No other sector in the country is more deserving of a wage increase than Cuba’s health professionals, whose work in other countries secures most of the island’s income and pays its oil bill.

Pensioners, many of whom must continue to work in order to survive, make up one of the most vulnerable sectors in the country.

The measure appears to fulfill the government’s promise that it would raise salaries as productivity began to increase in the country. This year, a 2.3 % growth was reported but the wage increase was only of 1.7 %. This deficit will have to be addressed in 2014 (2).

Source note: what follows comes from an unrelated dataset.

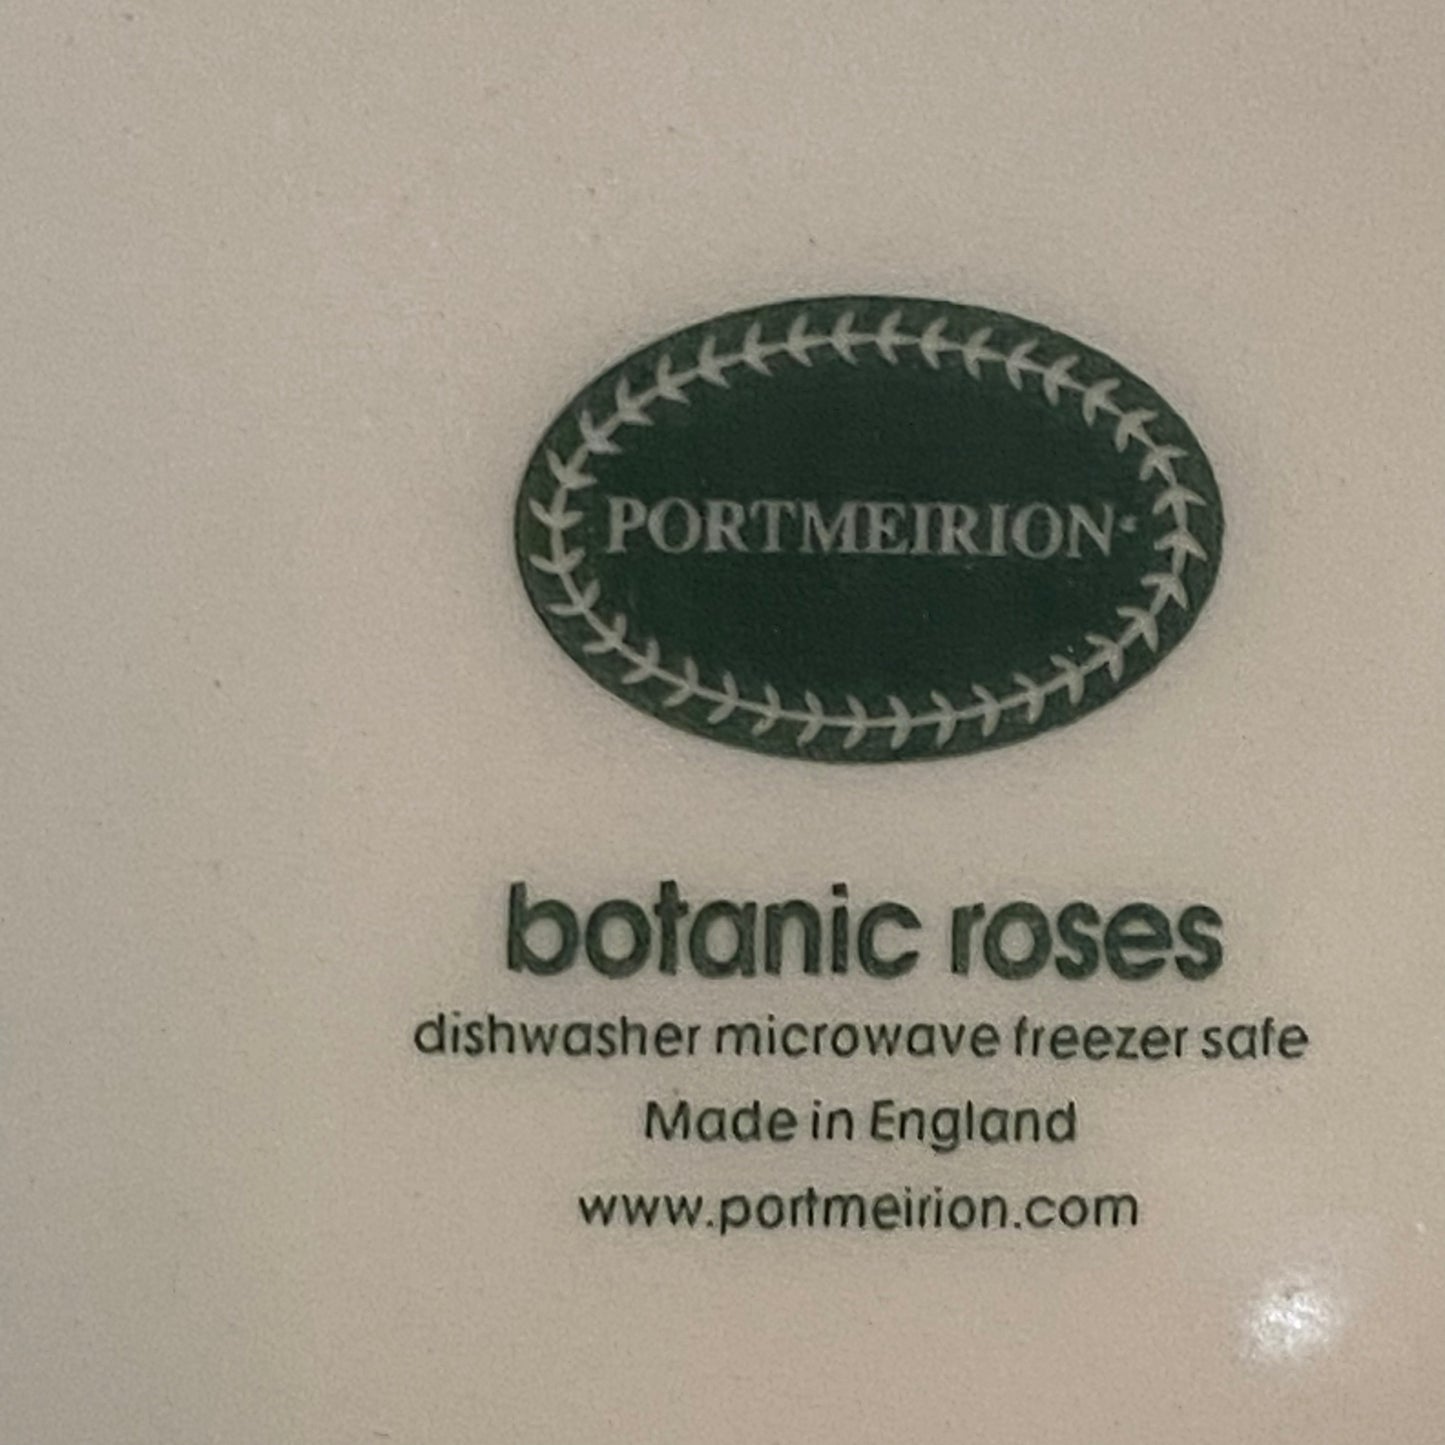 Set of two Portmeirion of England “the botanical gardens” dinner  plates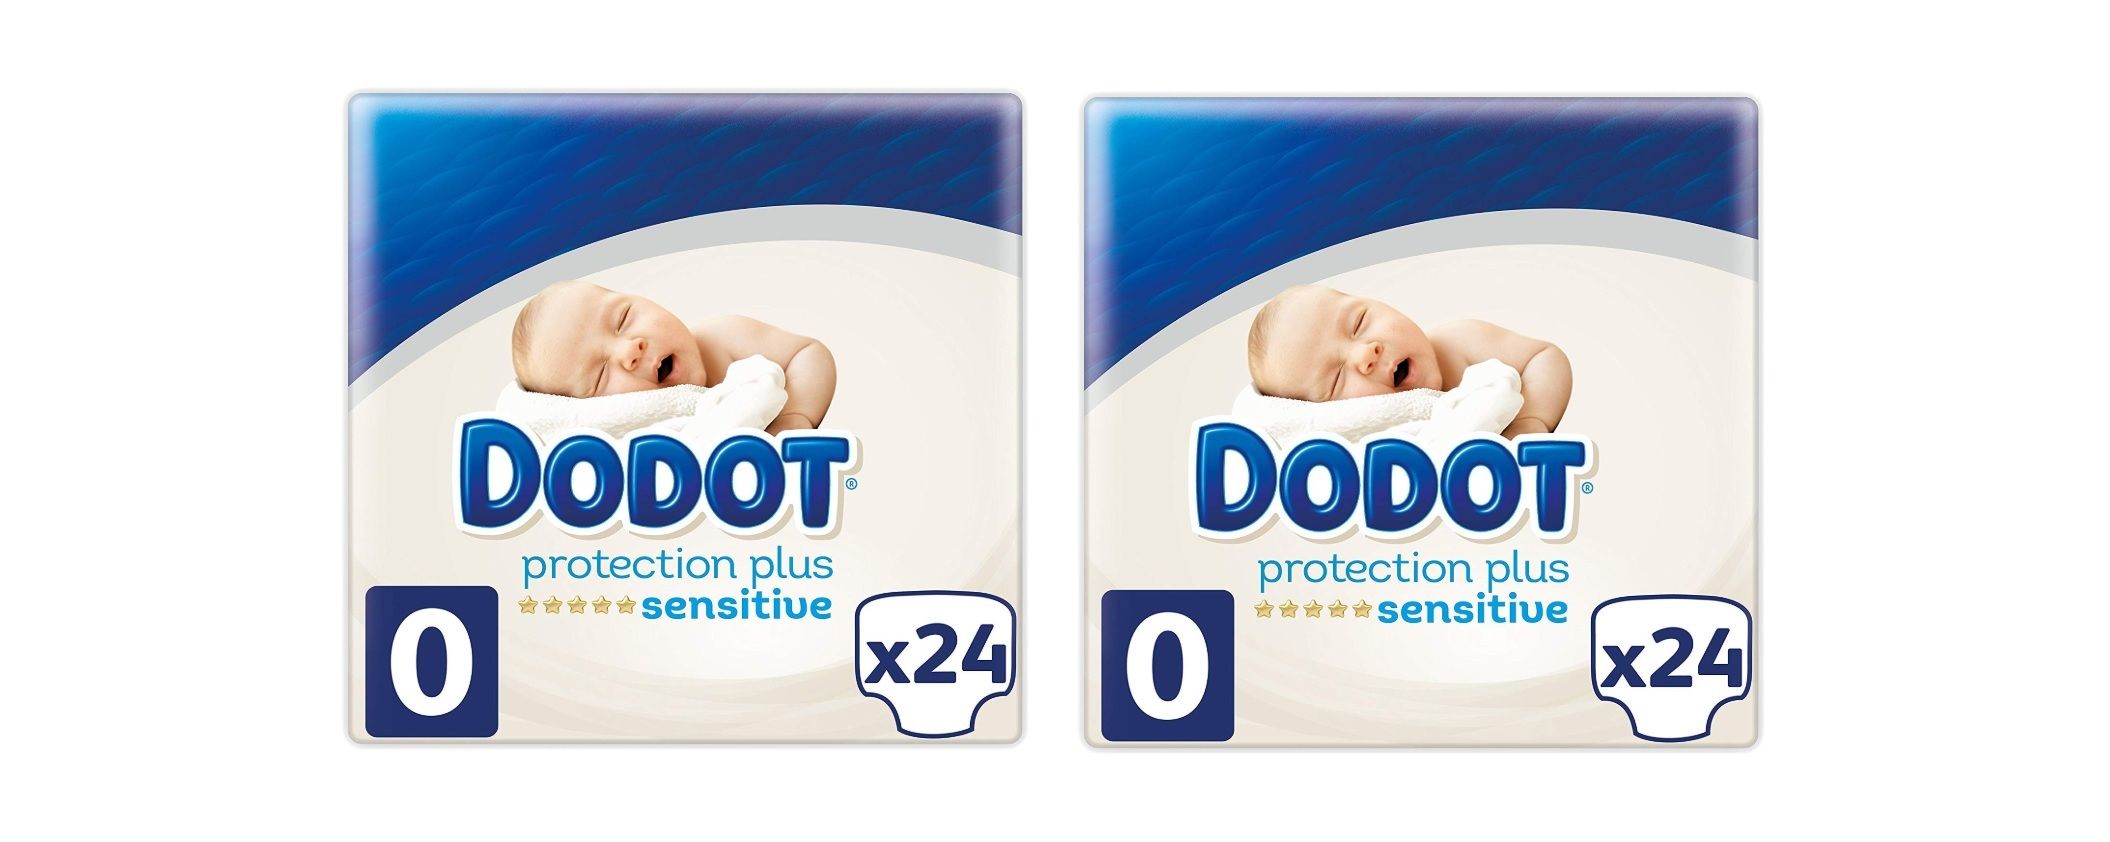 ¡Chollo! Pack 48 unidades Dodot Protection Plus Sensitive Pañales Talla 0 por sólo 6,88€

Part of this remaining difference could also be used to raise pensions, in keeping with the principle that the country’s economic reforms will not leave any citizen behind.

If it turned out there wasn’t enough money to do this, the government could implement the proposal advanced by Cuban economist Juan Triana, who insists that to “give our pensioners a better life” we must discontinue subsidies for “those who do not require such aid.” (3)

The government, slow in adapting its social policies to the economic liberalization measures, continues to sell subsidized food products to everyone instead of devoting available resources to those made most vulnerable by the market.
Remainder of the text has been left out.